Buenos Aires: Balcony Views into the "Paris of South America"

Jackie Steves is guest-hosting her Dad’s blog with 17 posts in 17 days. Follow the adventures of Andy and Jackie Steves as they — the first Steves to venture into South America — report on their experience.

La Boca.
Mausoleums at Recoleta Cemetery.

Upon arrival in Buenos Aires, we learned it was a historically cold day. Great, just what I did NOT pack for.

As in Machu Picchu, we met up with a local guide arranged through Wildland Adventure. This time it was the “Four Balconies Tour,” a metaphor for “balcony” views into four major neighborhoods of Buenos Aires.

The tour began in the heart of the city, Plaza de Mayo. Bank employees marching in a protest and setting off deafening firecrackers gave us a characteristic impression of this square where most historic events happen. Around it is situated the executive government building, the city government building, the national bank, as well as the national cathedral.

We visited La Boca, a historical port neighborhood of bright candy-color houses. It used to be tenements housing families crammed into single rooms and cooking on their balconies. Now it’s commercial and touristically tacky, with dressed-up tango couples asking to take a picture with you.
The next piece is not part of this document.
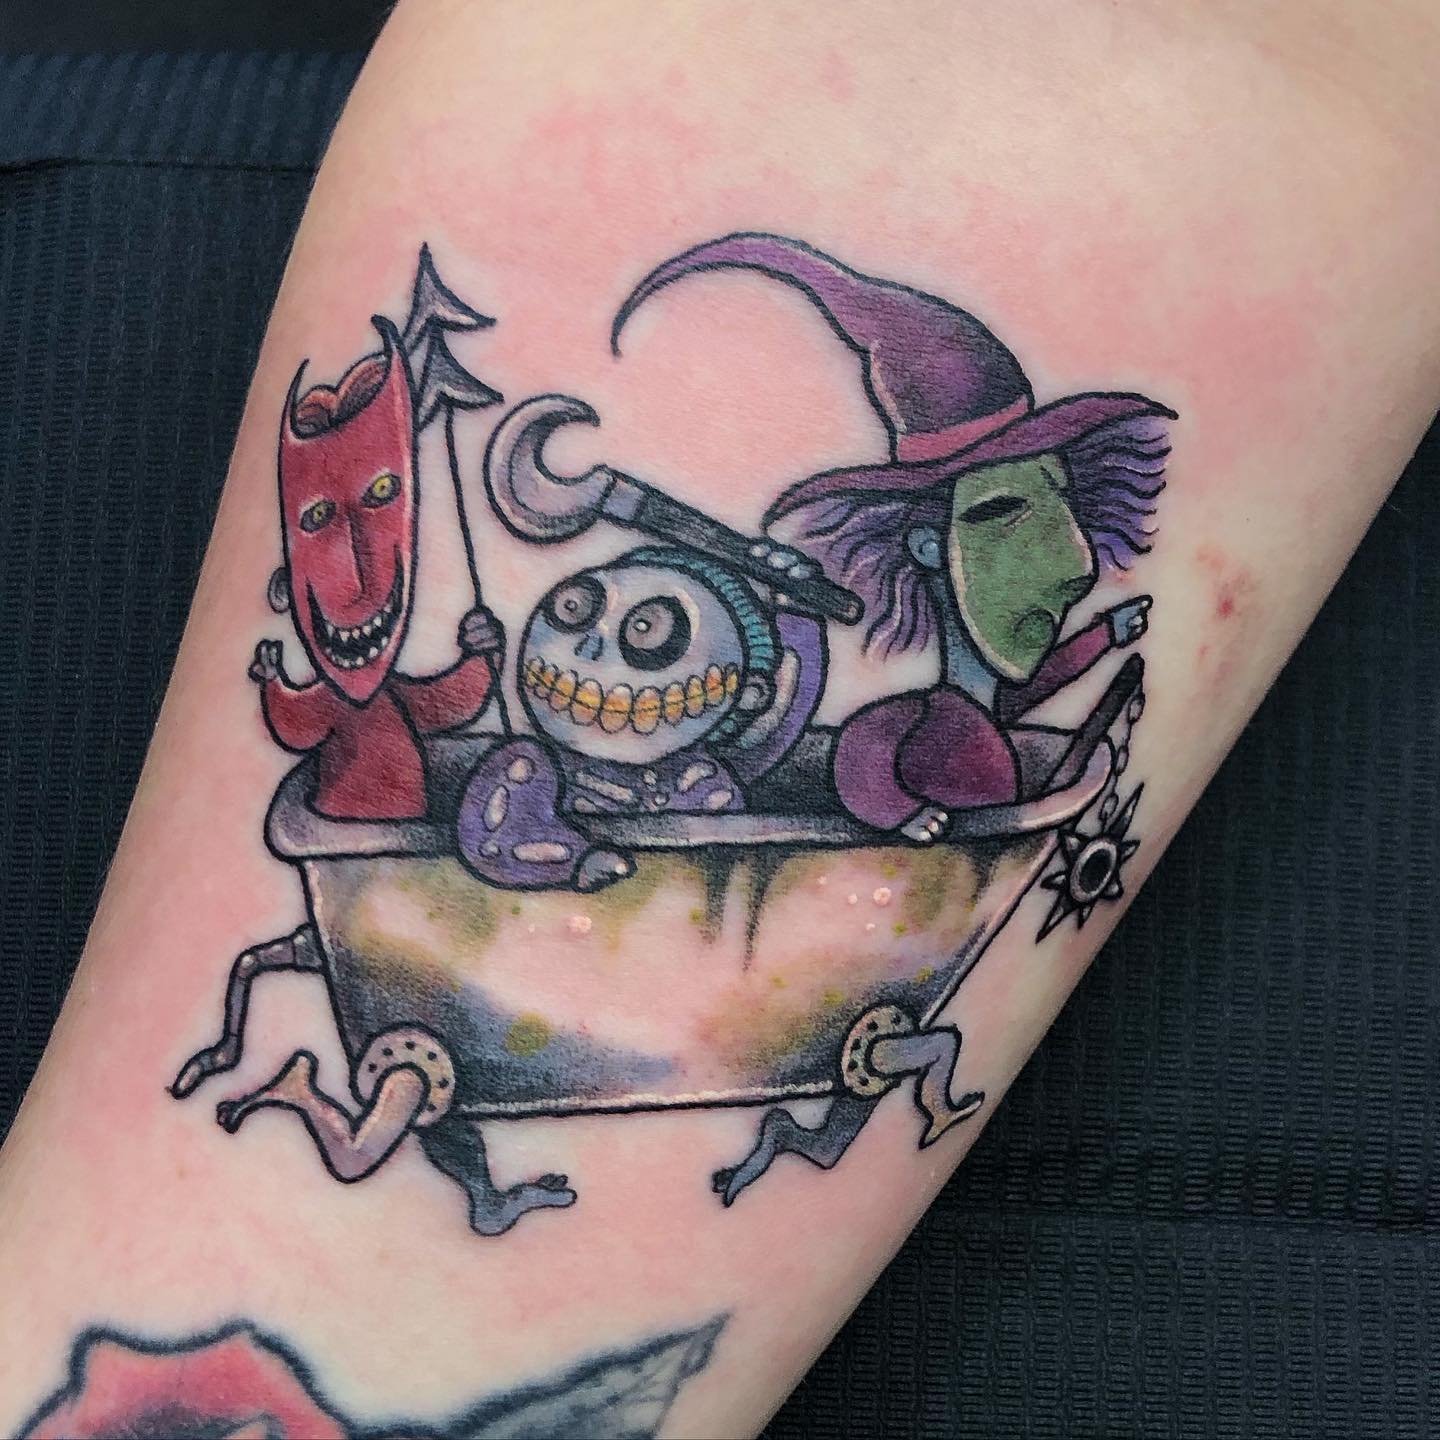 Handsome Tattoo  Nightmare Before Christmas Oogie Boogie Lock Shock  Barrel and Zero arm tattoo in black and grey  Time for some ink  whatcha want I can create a custom one

We perused the famous cemetery in Recoleta, a cemetery unlike any other I’ve seen before. The deceased are not buried beneath the ground, but housed in stone and marble mausoleums, big enough to walk inside. The mausoleums are decorated with classical statues, labeled with family names from a gamut of countries representing the diverse immigration to this city. Those buried here are wealthy, important, famous, or all of the above. The corpse of Argentina’s most loved and most hated first lady, Evita Perón, calls this cemetery home.

What struck me as most impressive about this city were the green spaces and the skyscrapers. The city’s lungs are a plethora of sizeable parks with grand old trees. The city’s complex skyline is punctuated by a pleasing variety of architectural feats, from classical echoing London or Paris, to gleaming modern cubic towers.